In Quebec, a very large percentage of all athletes are women. Many countries have women teams, although some countries chose to not have one. Weightlifting is a sport of flexibility, power and technique, which are three things that women are able to achieve. At the moment, the best weightlifters in Canada seem to be women and it does not seem like it will be stopping any time soon. Particular considerations should be taken when training women (like higher volume at high intensity, seems to be widely accepted) and great consideration on their technique has to be taken. This is a perfect time for any women to start weightlifting : it is constantly evolving and the standards for big competitions are relatively ”low” which allows women to gain more competitive experience over time. There is a lot to gain for any serious women athlete in this sport. 

4 thoughts on “On women and weightlifting”

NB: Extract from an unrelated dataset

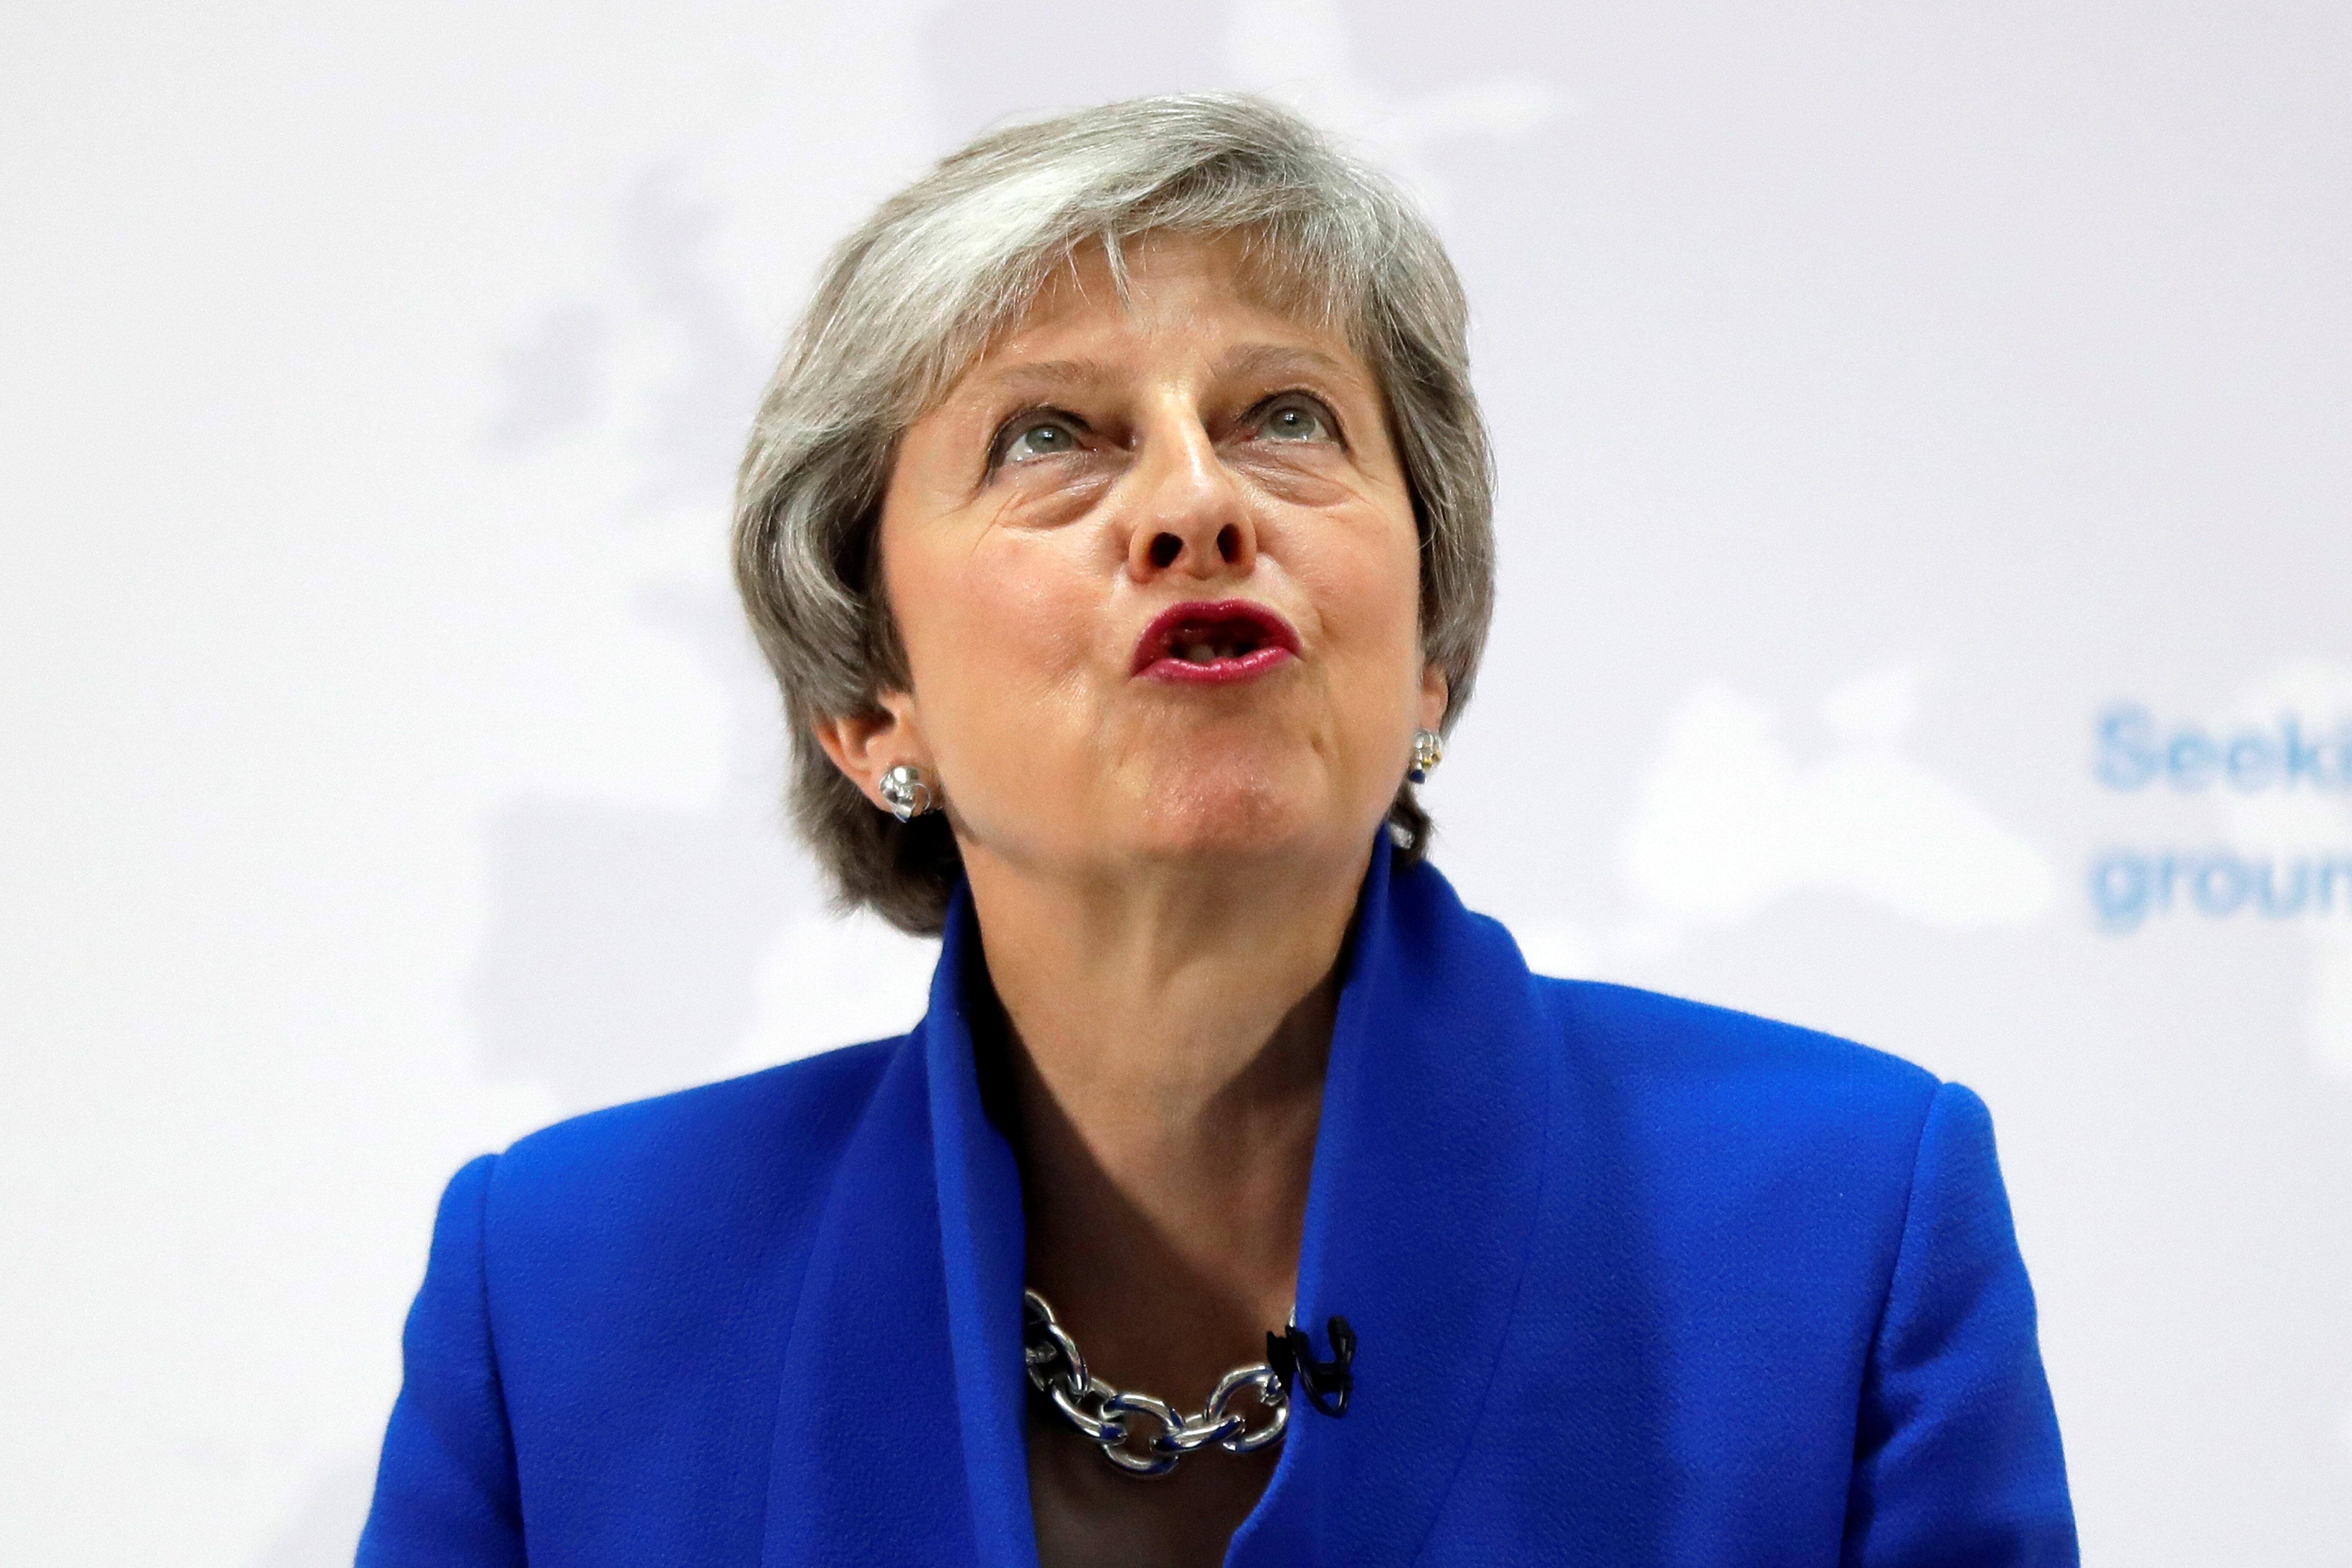 이것은 영국 메이 총리의 '마지막 브렉시트 연설'이었을

  1. The fact that you have to state that women can be weightlifters seems shockingly behind the times, but when put into the perspective that 2000 was the first Olympic year for us, I suppose I’m just lucky it progressed so quickly. That being said, you spend most of this article justifying why we can lift, but don’t give any detail into the differences in training you mention aside from increased volume.
    You note in this article and in your October article that women were slightly slower and had greater drop displacement on average than the men, but that the patterns seen recently in the best international-caliber women were very similar to the men. Do you think there are naturally differences in bar trajectory due to physiological differences, or that women are simply improving and being better trained?
    I train in small co-ed classes where I get personal corrections, but I do spend a lot of time watching the form of male counterparts and discussing regimen with them. I would also be interested to know differences you’ve noticed in things such as coaching cues.

    1. Hi Alexa,

      Sorry for the late reply. The differences are not many as far as training goes in my opinion. I have noticed faster recovery from my women lifters, but it could well be due to individual reasons (them having been high level athletes in other sports before starting weightlifting) rather than gender related reasons.

      I don’t think there are differences in bar trajectory due to physiological differences between the gender, but there could be physiological differences in how women cope with recovery (since the hormones are differently regulated). Now, as far as biomechanical differences, there are some and they can have an impact of trajectory. Shorter height, wider hips, shorter arms, short torso/long legs, etc. is a generalization, but it is often seen. For instance, as a 63kg, Christine Girard (Bronze in London 2012) is 5ft1. I think most 62kg men in weightlifting are probably under 5ft5.

      As far as coaching, I have a different approach that is more understanding and gentle-oriented, but again, it is due to the lifters I currently coach as I adapt to them. Male lifters I currently coach respond more to direct approach and I will sometimes say things that target their ego so they lift more/better. My women lifters, I just go more into details and explain more like a teacher than say ”a gym rat”. It’s very contextual to our situation though.

      I do know from talking to women lifters that lots of them respond better to a women coach, mostly because of what a lot of women have to endure to be good weightlifters. Meaning that society is still hard on women who want to lift weights (ie ”you are going to look like a man”), so having a women coach is good for them. It reminds them that its possible and to swim against the current of society (Although I wish they didn’t have to do it..but that’s for another conversation).

      If you are in Montréal, Feel free to come lift with us!